**SUPPLIED DATA:**
• • • • •
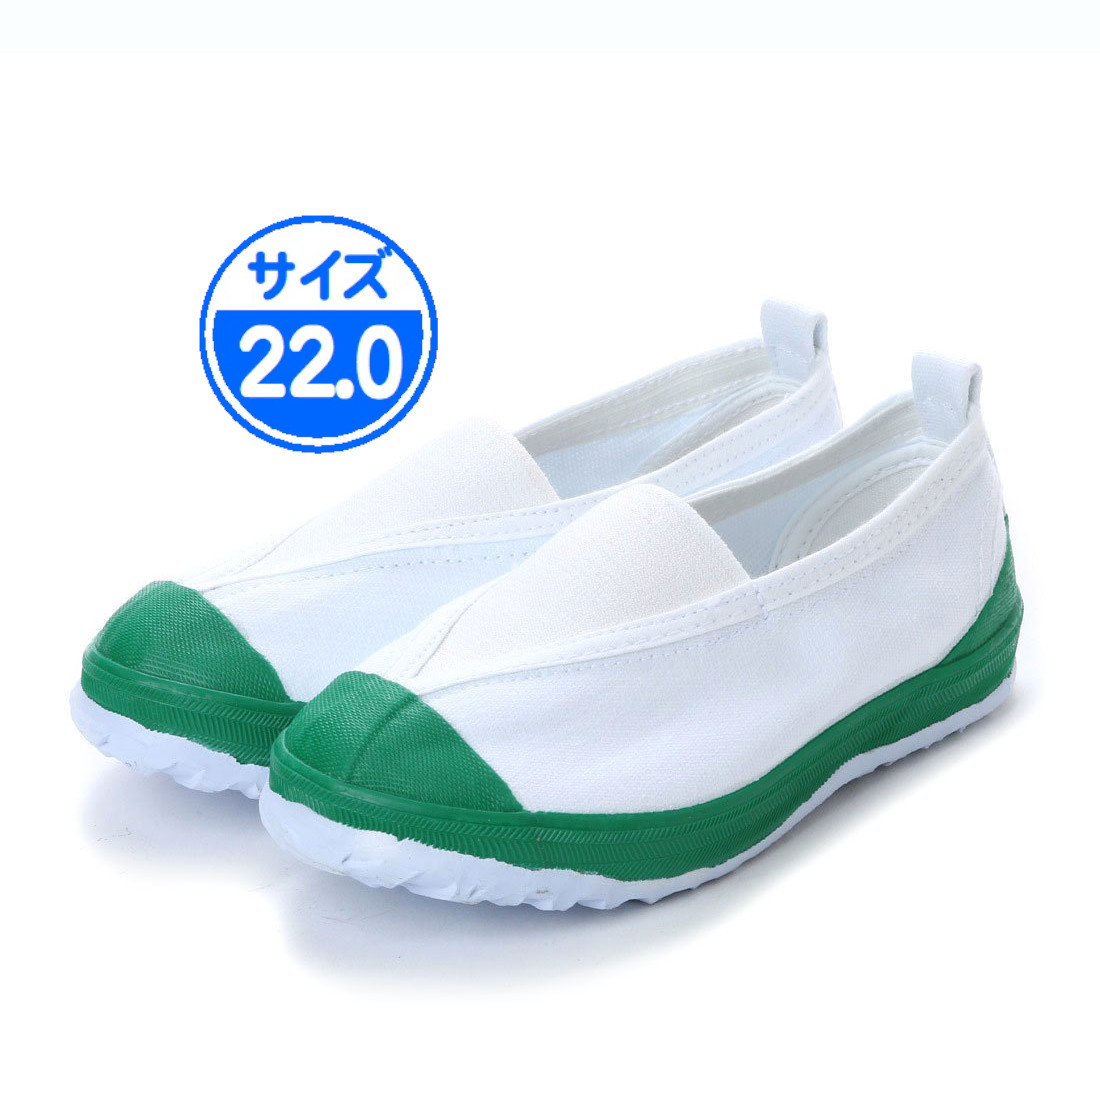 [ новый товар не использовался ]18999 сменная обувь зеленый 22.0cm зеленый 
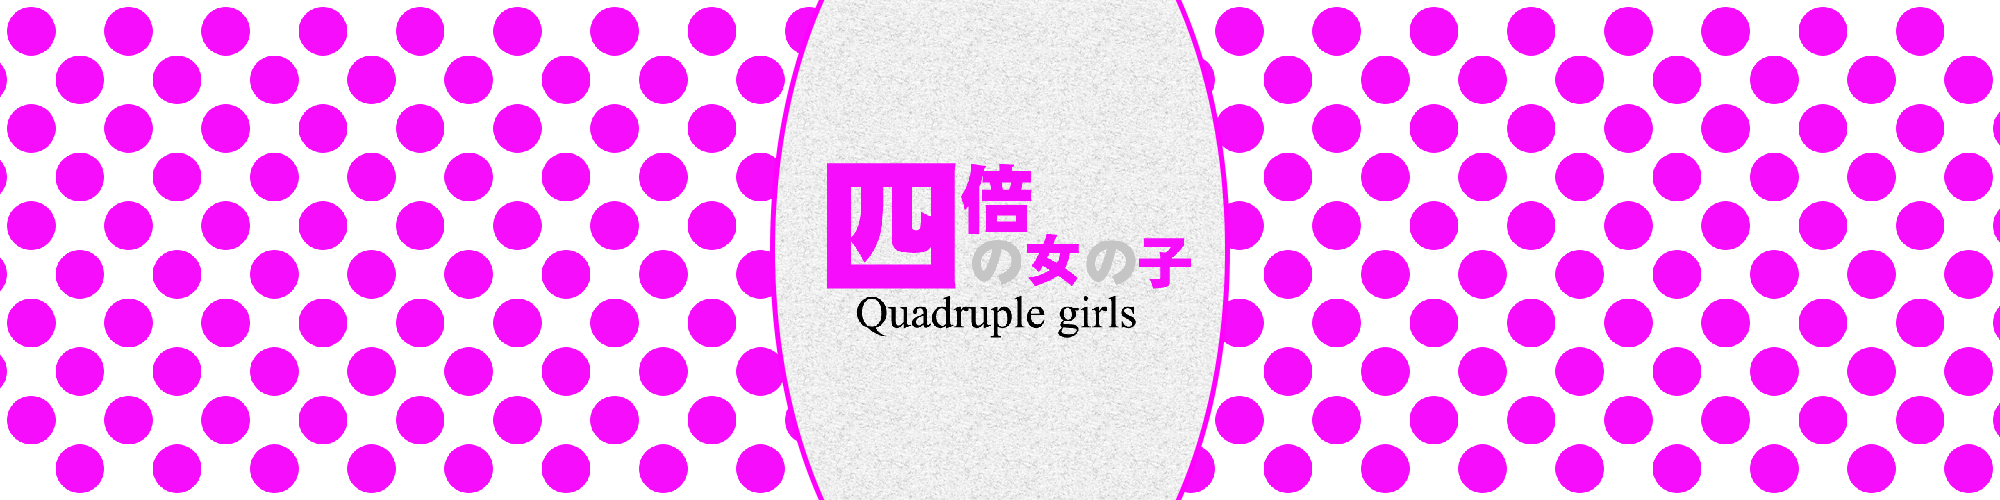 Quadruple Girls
• • • • •
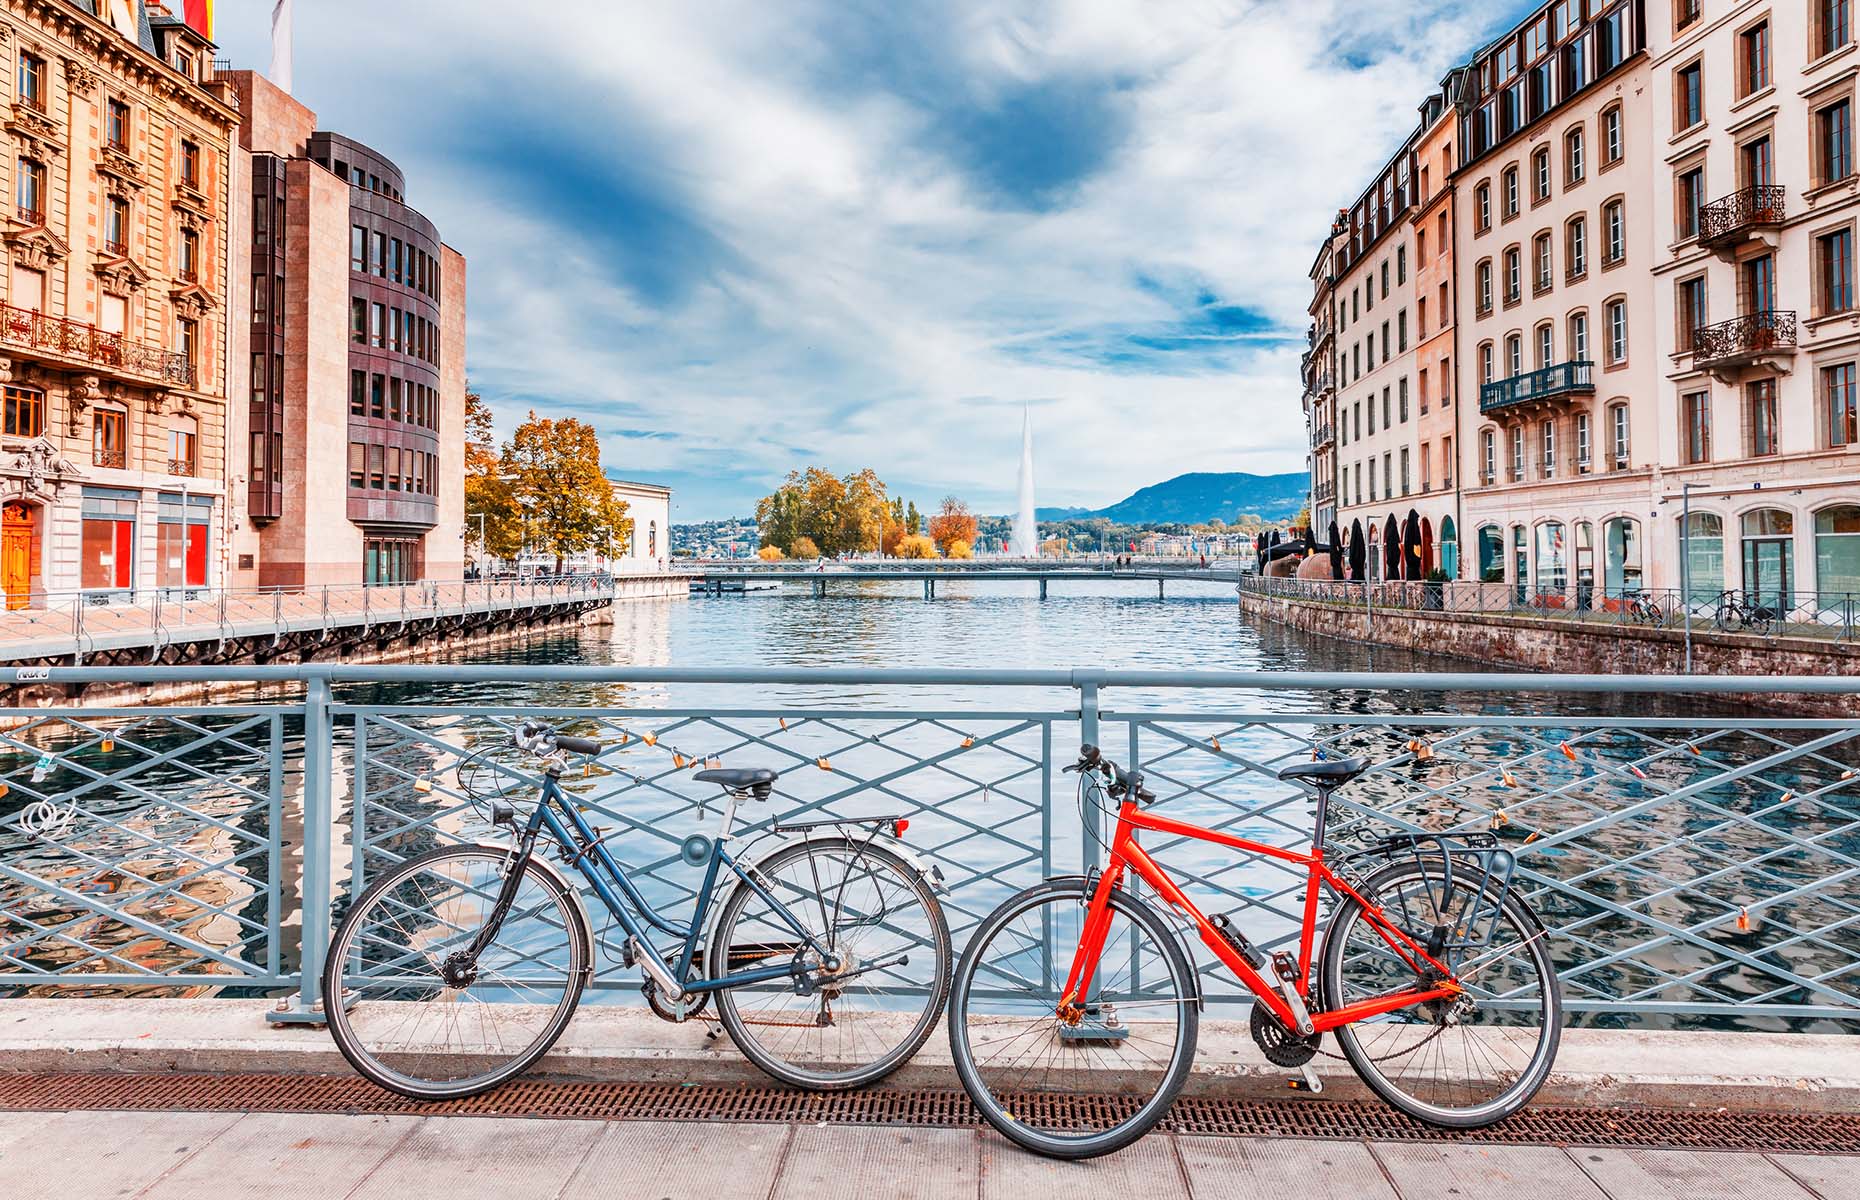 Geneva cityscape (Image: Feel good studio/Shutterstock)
• • • • •
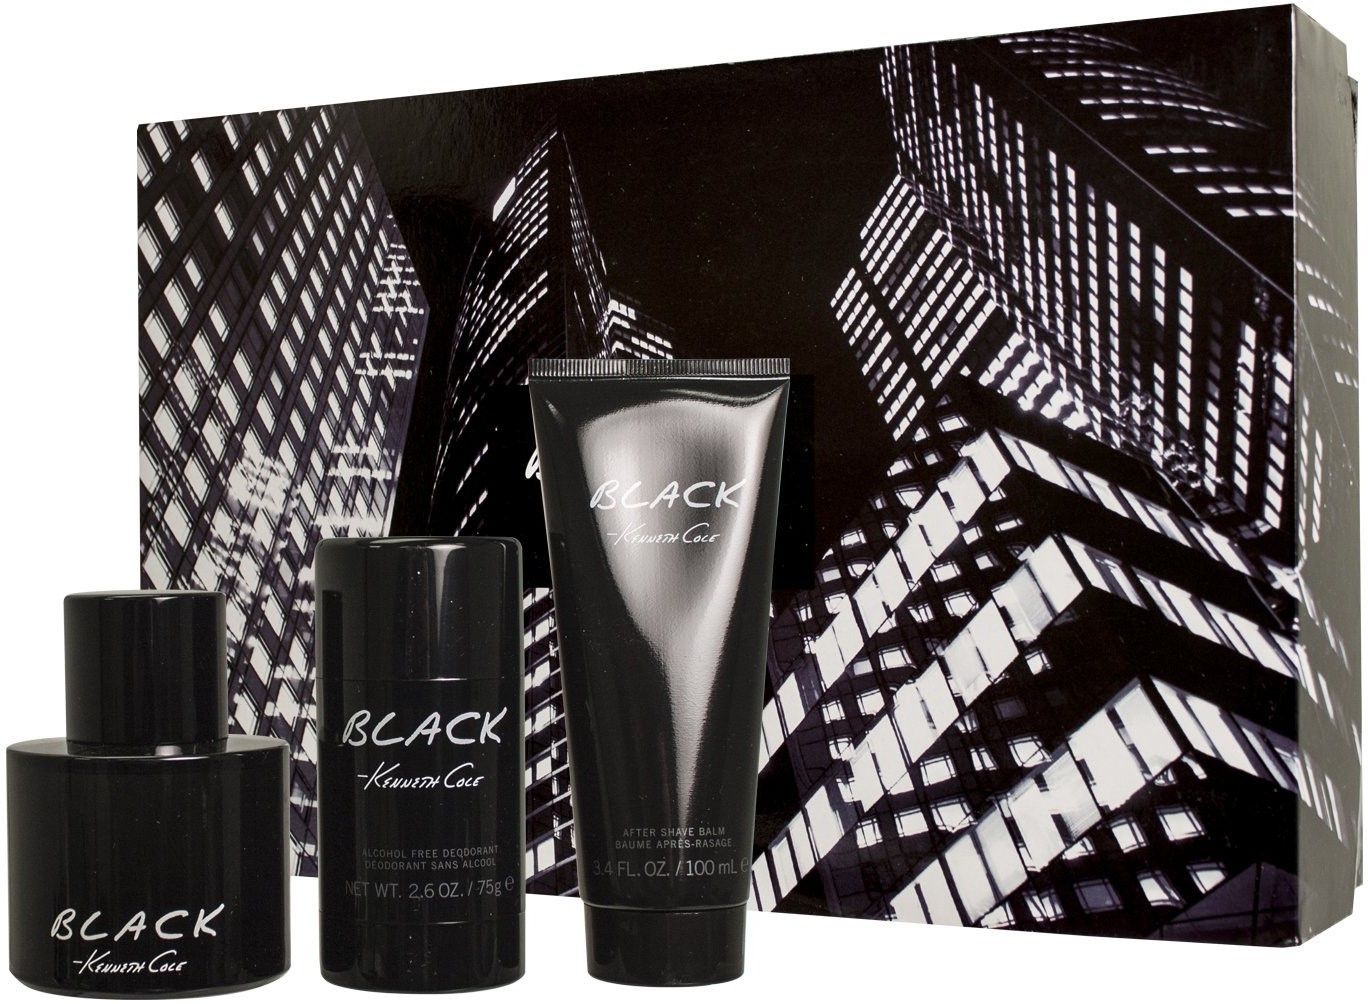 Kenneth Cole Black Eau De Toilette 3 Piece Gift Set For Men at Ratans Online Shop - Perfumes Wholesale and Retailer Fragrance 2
• • • • •
**YOUR OBJECTIVE:**
Copy exactly the lines of the entries above from the one containing "[ новый товар" through the one containing "Quadruple Girls". Both end lines count; pictures do not.

**FINAL ANSWER:**
 [ новый товар не использовался ]18999 сменная обувь зеленый 22.0cm зеленый 
 Quadruple Girls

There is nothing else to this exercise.